Subscription "skips" events

Ah I understand, thanks for clearing that up. Unfortunately in this case the lastProcessedVersion + 1 check is the only thing preventing an inconsistent data model (because of skipped events).

Is this enough information for further investigation or do I need to test something in particular?

Regards,

Nicolas

We will have to try to get a reproduction of it before I can comment
much further on it.

Okay, let me know if it’s possible to reproduce it on your end with the repro code I sent.

I have not been able to reproduce this running against dev on linux.

Just curious...

Can you put up your code for "checking the event numbers"?

13:30:31.534 Fri Feb 20 12:30:31.4980 +00:00 2015 ProjectionHost
(MyHostname) : Trace, Catch-up Subscription to context-forum: event
appeared (context-forum, 4, $> @ 427009/427009).
13:30:31.534 Fri Feb 20 12:30:31.4980 +00:00 2015 ProjectionHost
(MyHostname) : Trace, Catch-up Subscription to context-forum: event
appeared (context-forum, 5, $> @ 430400/430400).
13:30:31.535 Fri Feb 20 12:30:31.4980 +00:00 2015 ProjectionHost
(MyHostname) : Trace, Catch-up Subscription to context-forum: event
appeared (context-forum, 6, $> @ 430637/430637).
13:30:31.535 Fri Feb 20 12:30:31.4980 +00:00 2015 ProjectionHost
(MyHostname) : Info, PersistentProjectionModule "forum": EventAppeared
with eventNumber: 4, Thread ID: 13
13:30:31.535 Fri Feb 20 12:30:31.4980 +00:00 2015 ProjectionHost
(MyHostname) : Trace, PersistentProjectionModule "forum": Event
appeared of type "ForumCreatedEvent", received: 4, expected: 2, used
subscription: 7340066
13:30:31.535 Fri Feb 20 12:30:31.4980 +00:00 2015 ProjectionHost
(MyHostname) : Error, PersistentProjectionModule "forum": Error during
projection processing, missed version, received: 4, expected: 2,
previous: 1 FatalErrorCritical

These are linkto events. What "event number" are you checking? They
are ordered by the LINKTO's event number no the resolved events event
number

var expectedVersion = _previousEventNumber + 1;

var receivedVersion = resolvedEvent.Link.EventNumber;

if (receivedVersion < expectedVersion)

{

Logger.Warn(“VolatileProjectionModule “{0}”: Skipping already processed event with version {1}, expected {2}”,

_contextKey, receivedVersion, expectedVersion);

return;

}

if (receivedVersion > expectedVersion)

throw new EventMissedException(expectedVersion, receivedVersion);

``

I already use the linkto event number as the used projection is for the whole bounded context stream, so only the bounded context id is relevant for us.
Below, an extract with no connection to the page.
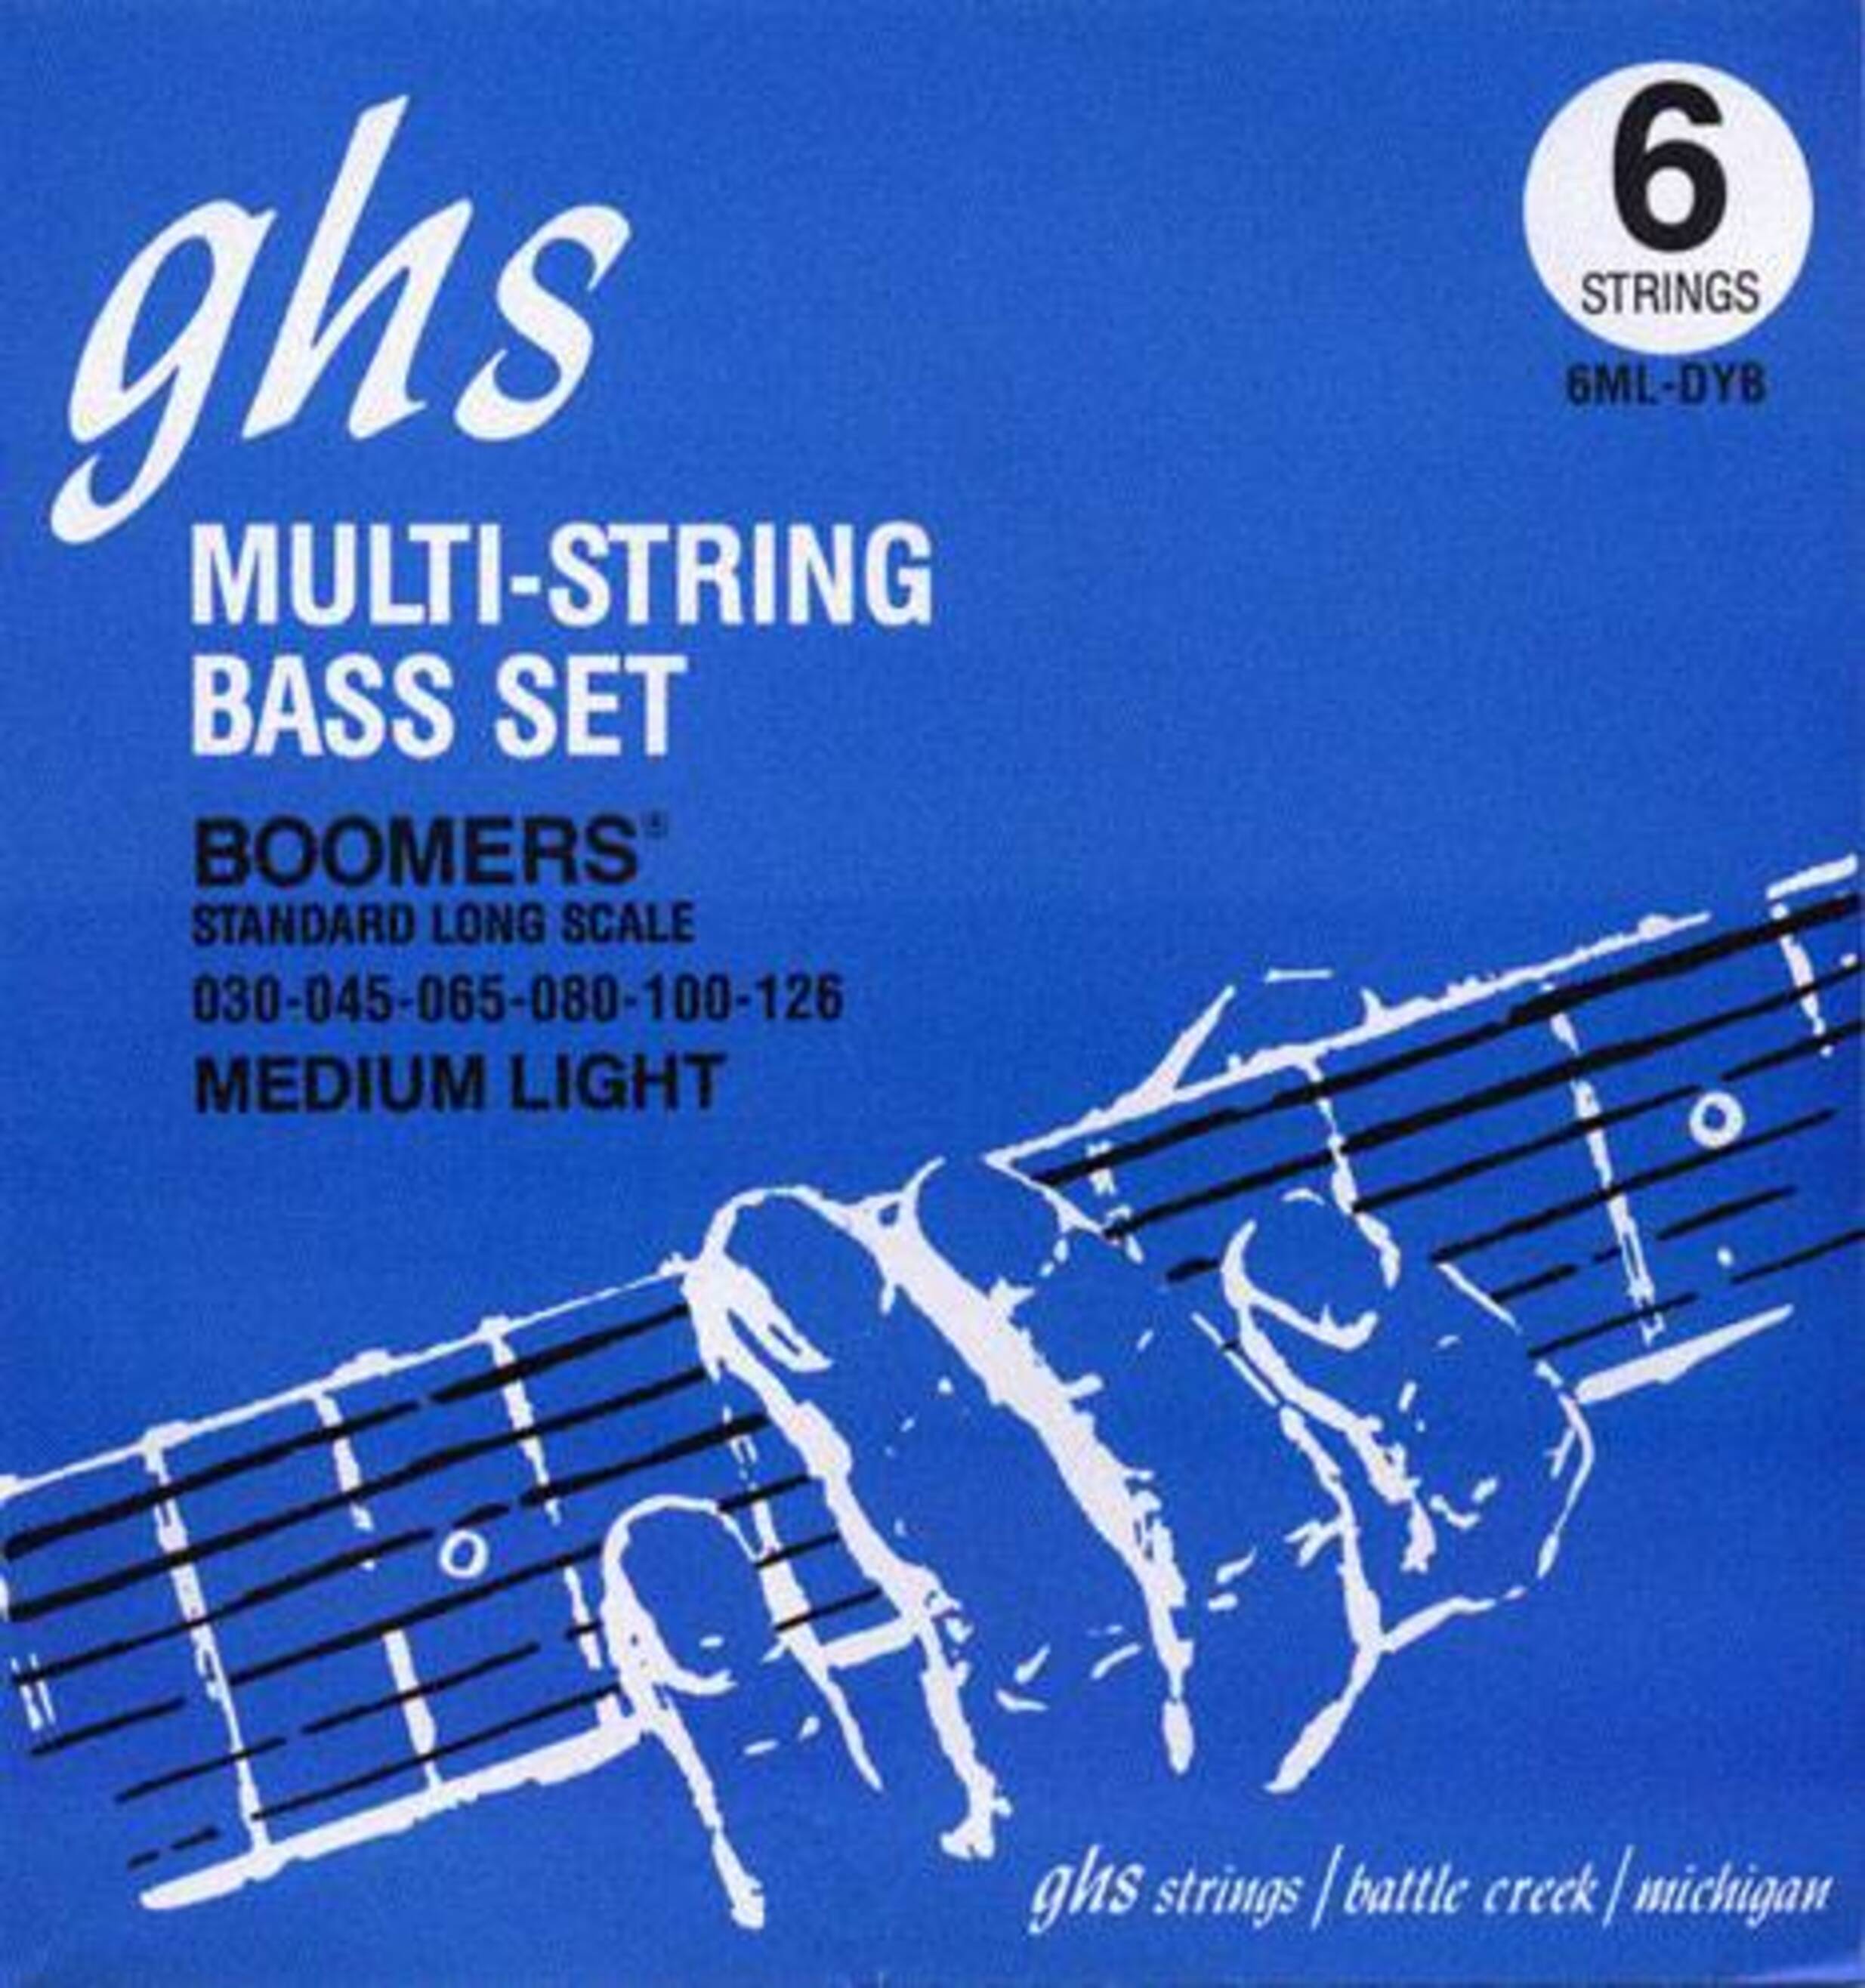 Струны GHS Strings 6ML-DYB струны la bella rx n5d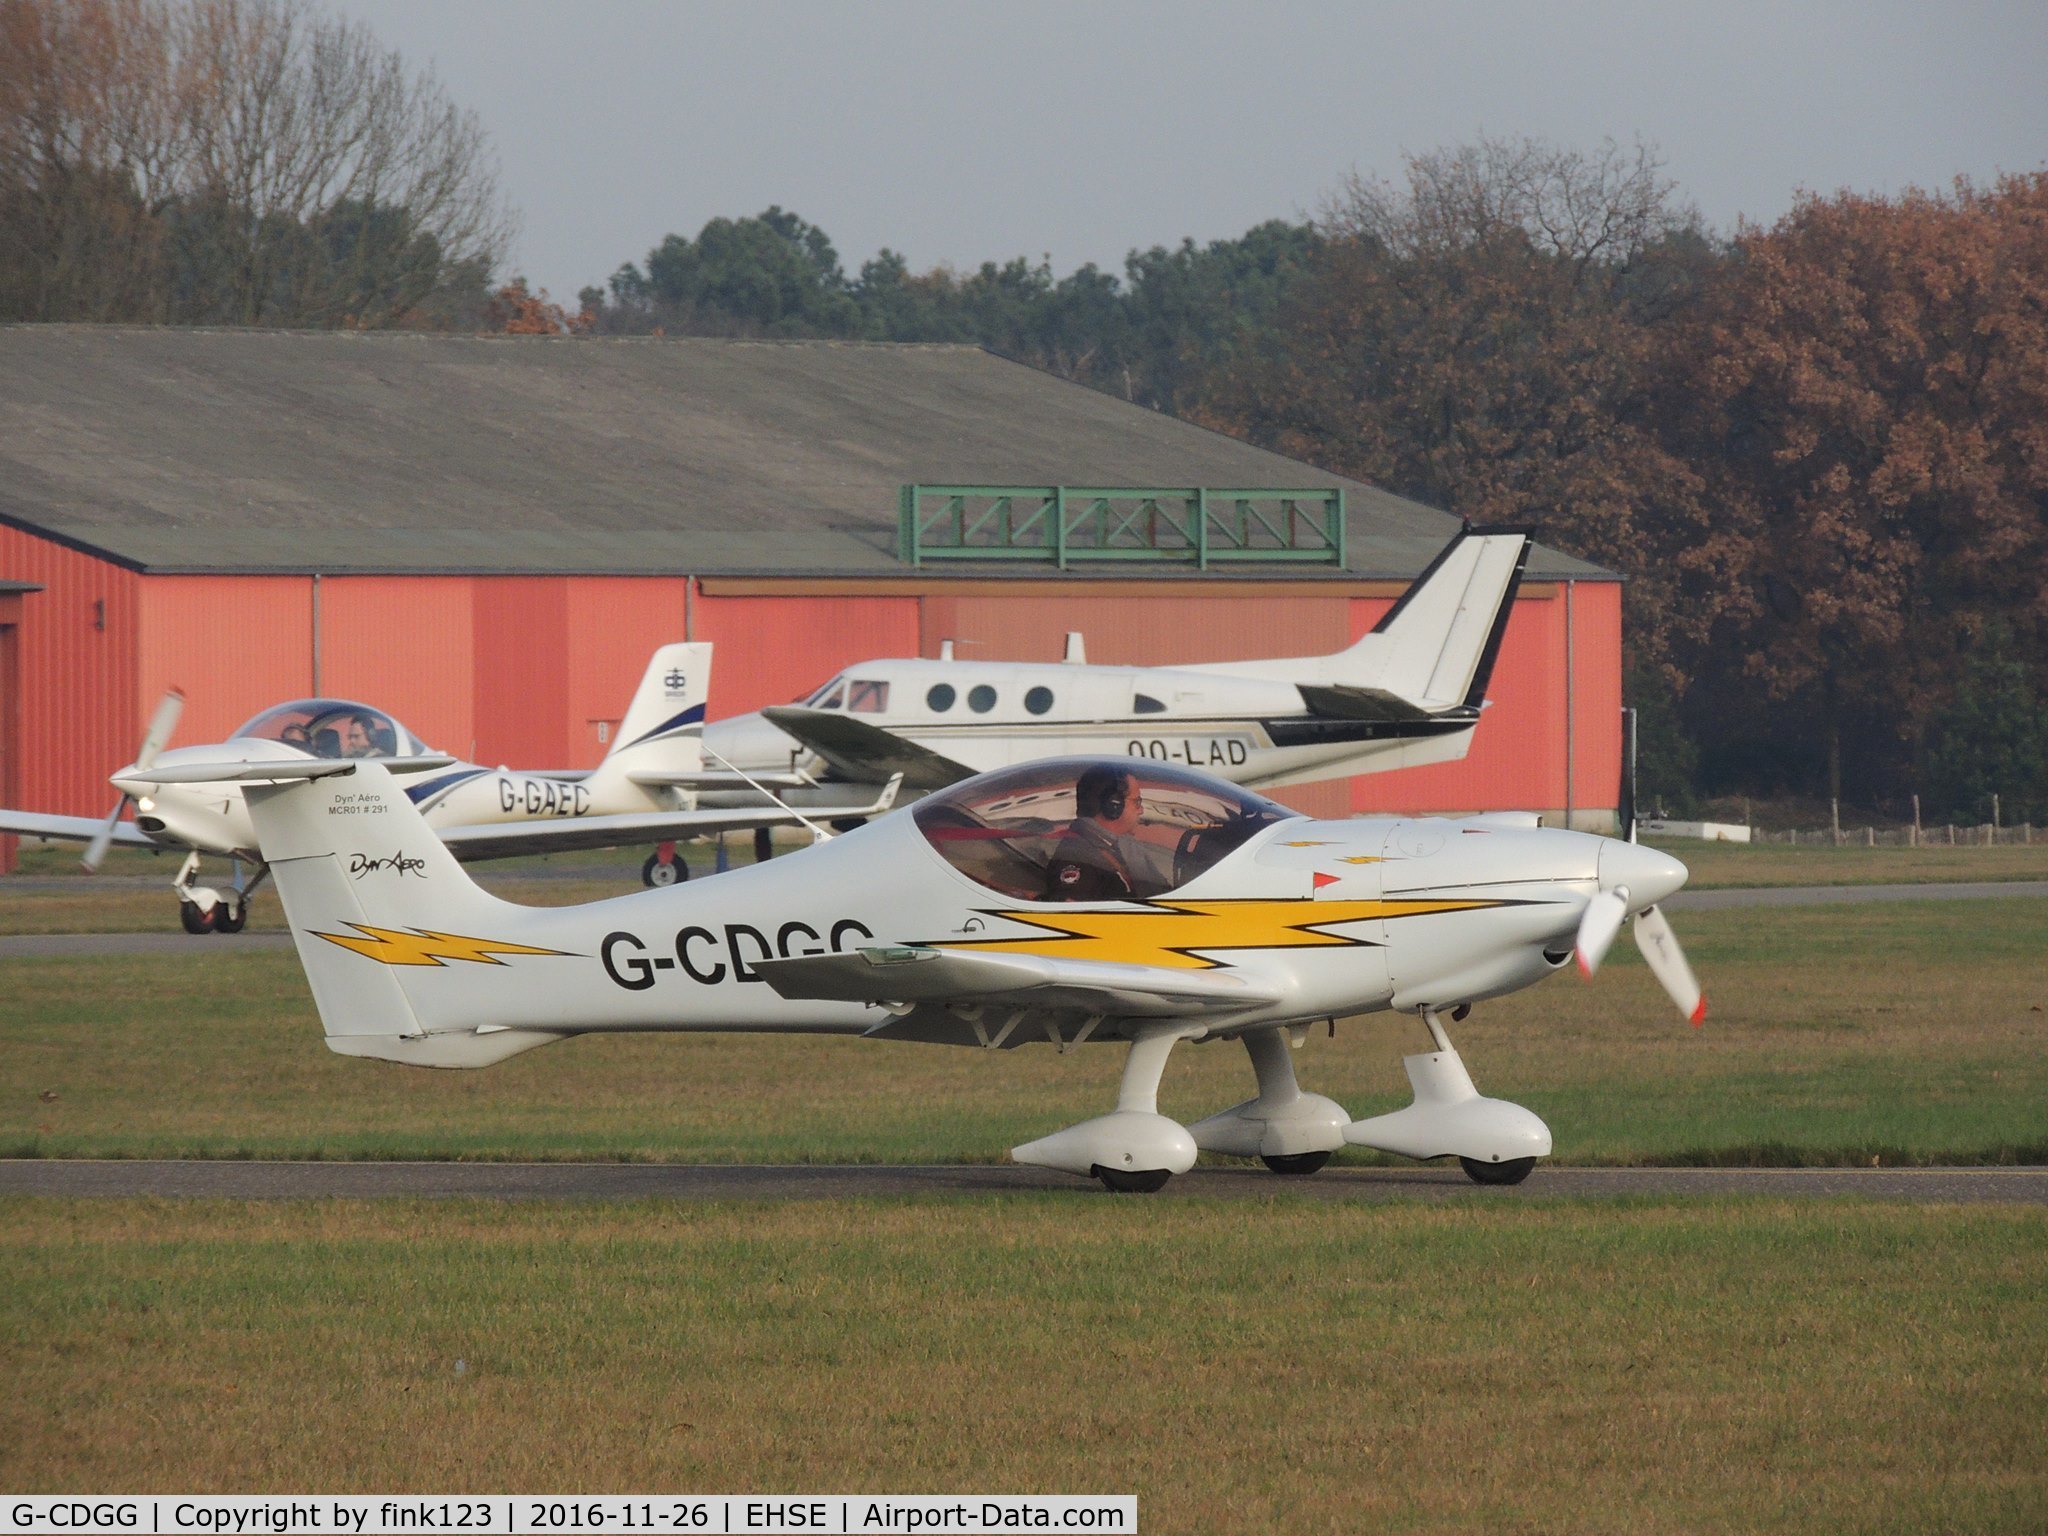 G-CDGG, 2004 Dyn'Aero MCR-01 Club C/N PFA 301A-14267, i love the flames

We are catching this EventMissedException and re-create the subscription, which “mostly” works fine, but it’s a pretty heavy workaround and occasionally leads to new bugs that would’ve not occured otherwise.

What I find note-worthy, every time these missed events happen, the first “wrong” call to EventAppeared is also called under a different Thread.

These appear in three different Azure environments (Production, Staging, Dev) in several similar but not identical components (Projection processing, “Workflow”/EventHandler processing and generic subscriptions).

As this happened quite a lot the last few days, I’d like to remind that this is still a critical issue for us.

The following scenario occured a few days ago (numbers X-ed for clarity):

EventAppeared invoked for eventNumber XXXX718, Thread ID 12, entered lock.

… processing begins for XXXX718

EventAppeared invoked for eventNumber XXXX728, Thread ID 37 (!), waits because lock is still being held by processing of XXXX718

… processing finished for XXXX718

EventAppeared invoked for eventNumber XXXX719, Thread ID 12, waits because lock was entered by the invalid invocation of XXXX728 after XXXX718 finished

… processing begins for XXXX728 which throws an exception because XXXX728 is not the next event number after XXXX718 (obviously).

These invocations were coming from the same subscription (checked via hash code) and were only milliseconds apart, so no timeout etc which could result in another invocation etc.

So…the same issue remains, why does the subscription just invoke a seemingly random event number under a different thread while the previous processing is still in process?

As mentioned previously the best way of getting people to spend time
looking at this issue (that only you appear to be having which leads
me to believe its not a main line case) is to provide a test that does
not use any of your code.

As previously stated two emails ago:

"I have not been able to reproduce this running against dev on linux."

Without being able to reproduce there is zero chance of anyone fixing
your issue.

Cheers,

Greg